Jeff got back about 2pm, so it was definitely lunch time. We wandered down to the town centre and found a shady spot at the Silk Road cafe, where we ordered a light lunch. Posted some postcards (it's so long since Jeff wrote a postcard that he forgot to leave space to put in the addresses). Then went in search of the hamam. Looks like a lovely place, but with no clean gear on us and Kim still not well we decided to give it a miss. Jeff was thinking of coming back later but ended up opting for the hamam at the hotel.

Spent the afternoon resting on a banana lounge by the pool. Jeff also had a hamam, which he rated very highly. Kim opted for just a shower. Chatted with a fellow traveller from New York and also phoned Mehmet for a chat. It is their busy season so we weren't able to catch up in person.

Finally 7:15 pm approached so we stationed ourselves near the tour office to await our shuttle bus. We were booked on the airport shuttle so when it arrived we gave him our luggage and jumped in. He seemed a bit confused when we said we were going to the otogar and went to ask the hotel manager. After some discussions and a call to someone else, it turned out there were two shuttle buses tonight and we were meant to be on the second one, so all our luggage was unloaded and reloaded into the other minibus that had arrived and away we went. The bus pulled up across the road from the otogar and we and a couple of others were unloaded. The otogar (bus station) at Kayseri is an impressive place. A huge terminal building with all the bus companies having their kiosks in a circle in the middle. We found Devran and exchanged our printout for a ticket. Another couple from our minibus were also traveling to Urfa but it seems their bus left half an hour later than ours. There were a couple of cafes at either side of the terminal. Jeff had some dinner, Kim had some sprite, and we chatted with Wendy and Terry, the Canadians who were also heading to Urfa. They were particularly keen to see Gobekli Tepe but had made no arrangements apart from accommodation I think. They went off for a walk around, we found a seat in the waiting area and watched fellow passengers. As usual, we were quite fascinating to them, with many staring at us and a few coming up to ask "where are you from?". Also made use of the facities (1 TL to enter at a turnstile) where they even had one sitting toilet along with several squat ones.

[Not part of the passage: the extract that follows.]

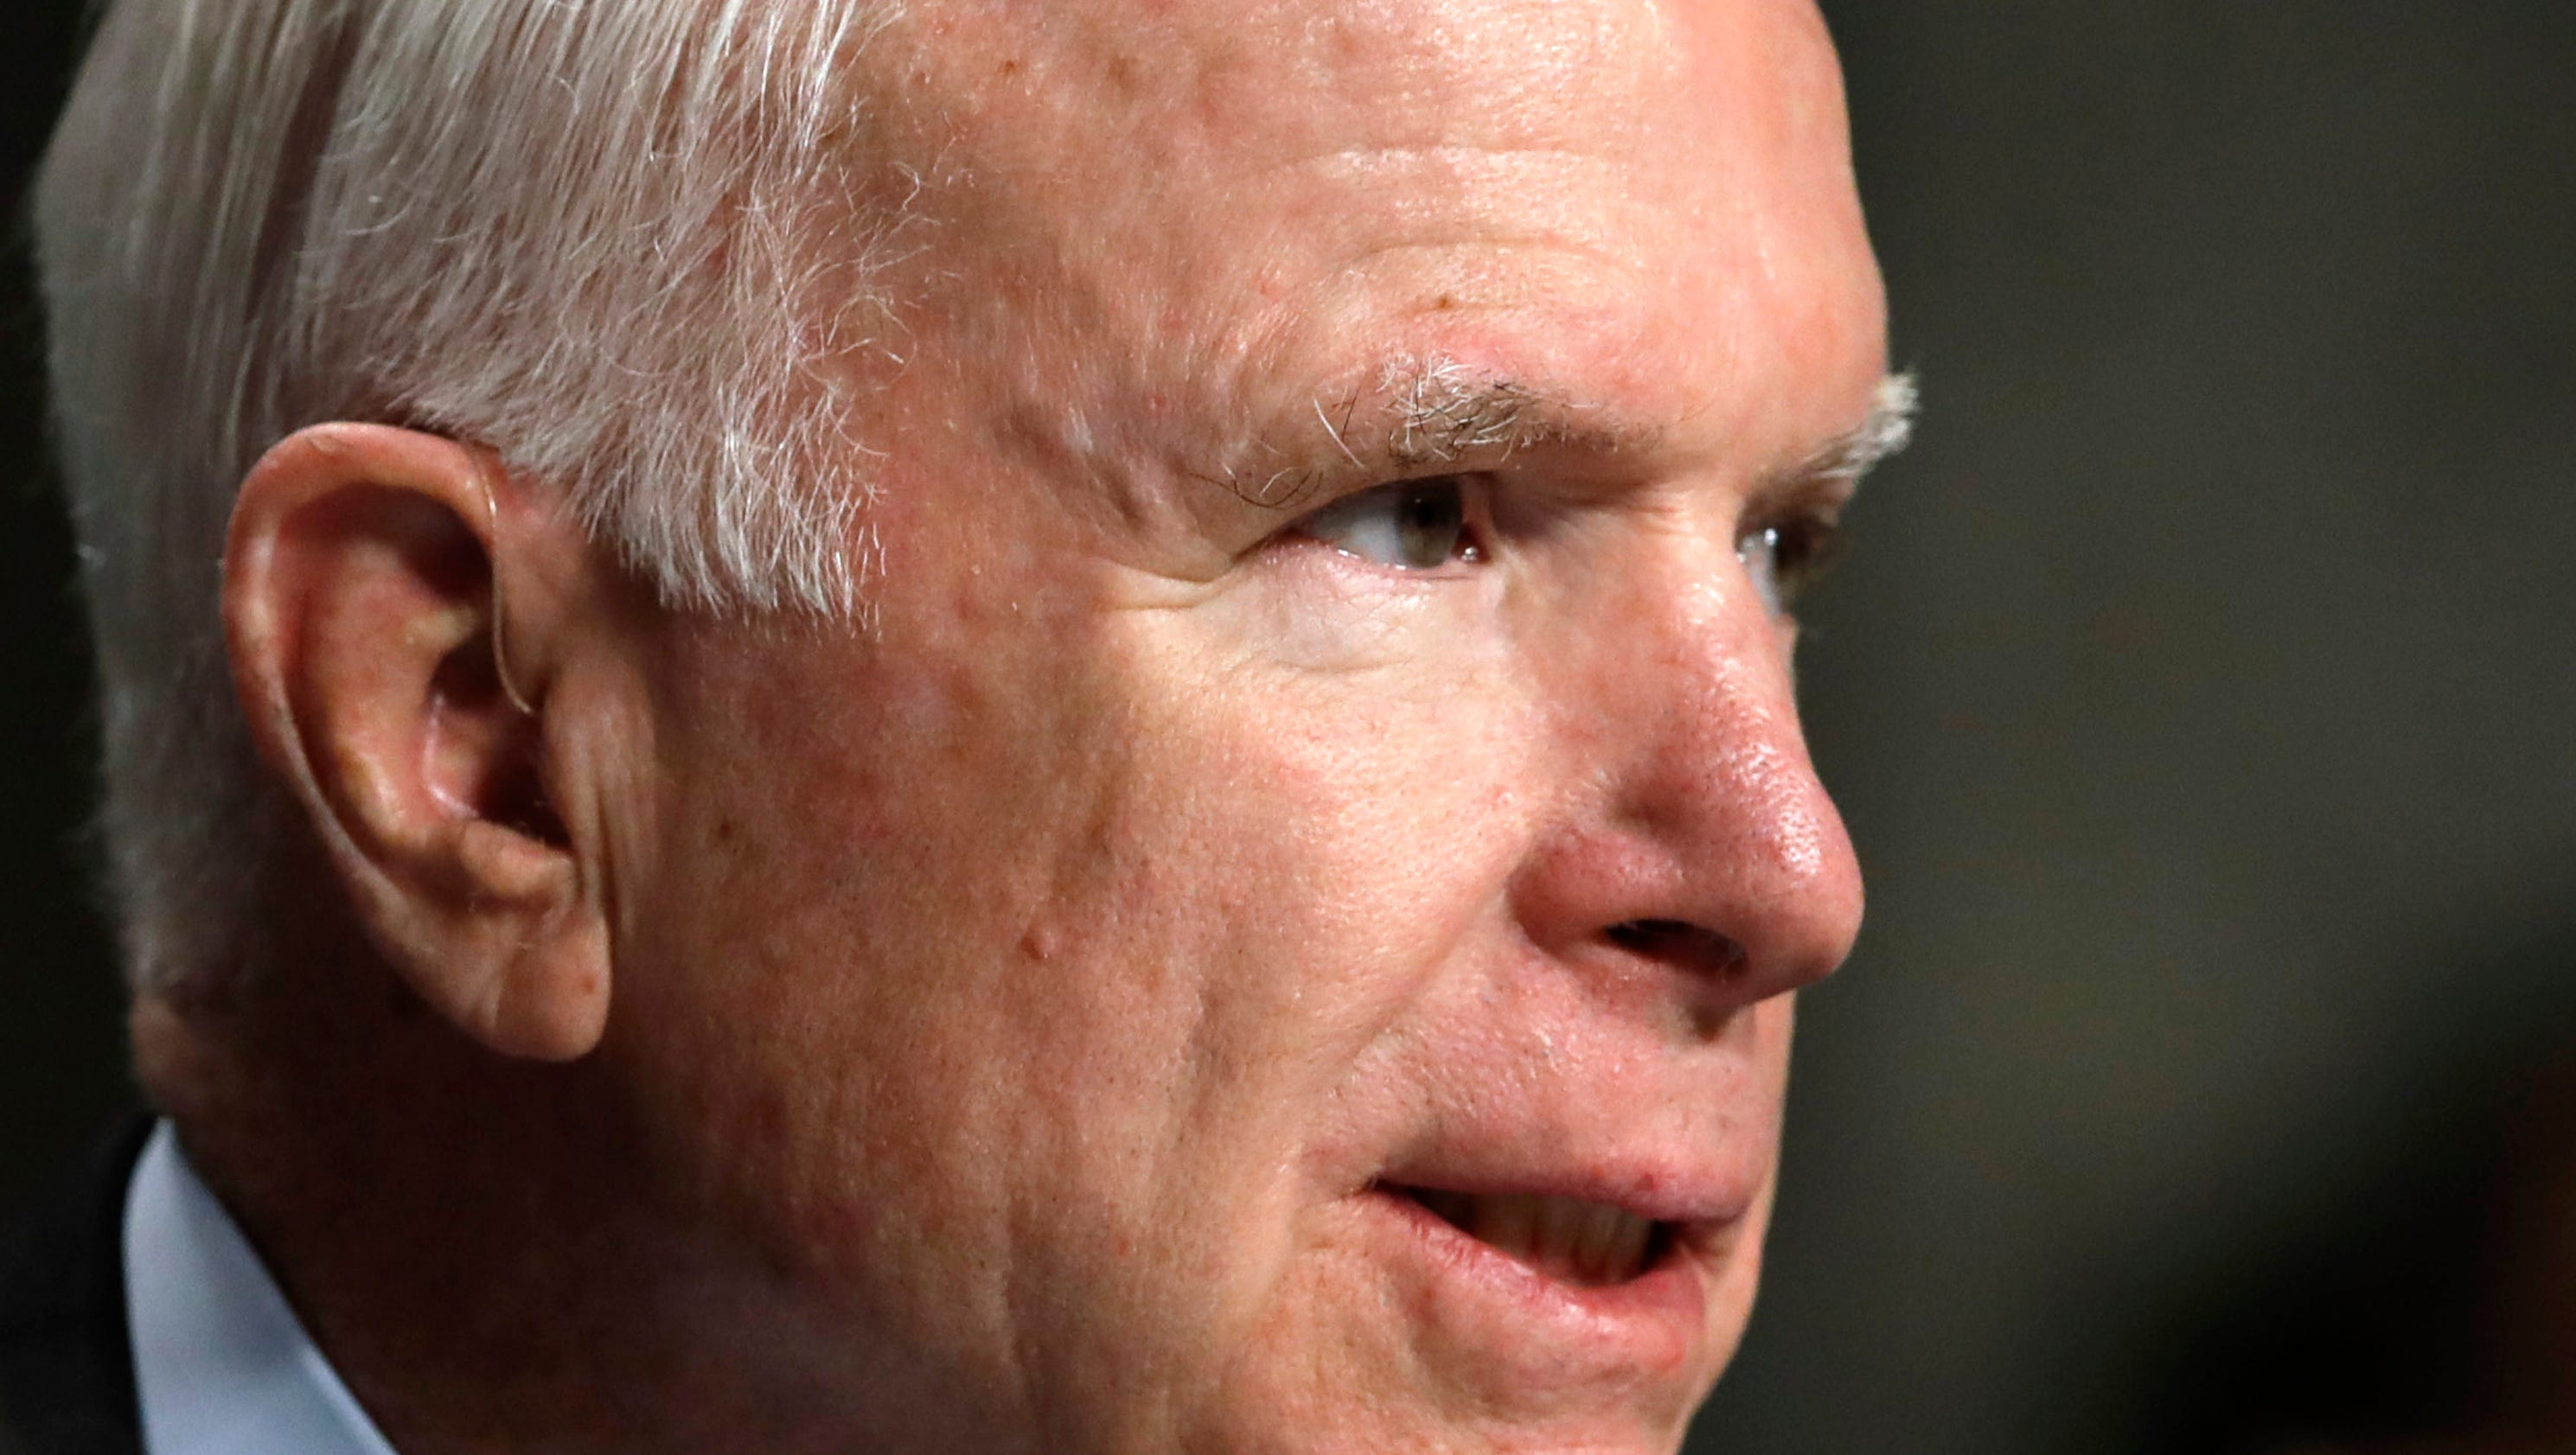 usatoday.com - EJ Montini - John McCain mocks Donald Trump's deferment 'bone spurs' (without naming him)

As 11:30 approached we made our way to Gate 4 to await our bus. There must have been 20 or 30 gates and even at this time of night lots of buses coming and going and people milling around. At Gate 4 there were lots of people with not only luggage but also piles of big sacks of produce. Our bus arrived and there was a surge to load everyone's gear into the massive holds under the bus. We were given luggage tags and a stub for each item and climbed on board. Turkey has a great bus system, with large, modern, air conditioned coaches. The TV screen once we got going was showing some sort of Turkish soapie. The attendant came down the aisle offering snacks and drinks. Thankfully a little later the lights were dimmed and Tv turned off and we were able to get some rest. Every so often the bus would stop in some town to drop off or pick up passengers. At about 3am we stopped at what must have been a larger place. Not as flash as Kayseri otogar but still buses coming and going and stalls open at this time of night. It looked pretty agricultural. The other bus was also there, having caught up to us somewhere along the way. This was a loo stop as well as changing over passengers. After a stop of about 20 minutes we headed off again on our journey. Continued to try and snooze. The seats reclined a bit so it wasn't too bad. A while later the sky started to lighten and we could see the countryside. Mainly pretty dry and barren , and variously hilly/rocky and long plains. When we got to Gaziantep, all the passengers for Urfa were told to change to the other bus, so we had to move all our luggage across and find seats again. Onward we went and eventually arrived at Sanliurfa, our destination.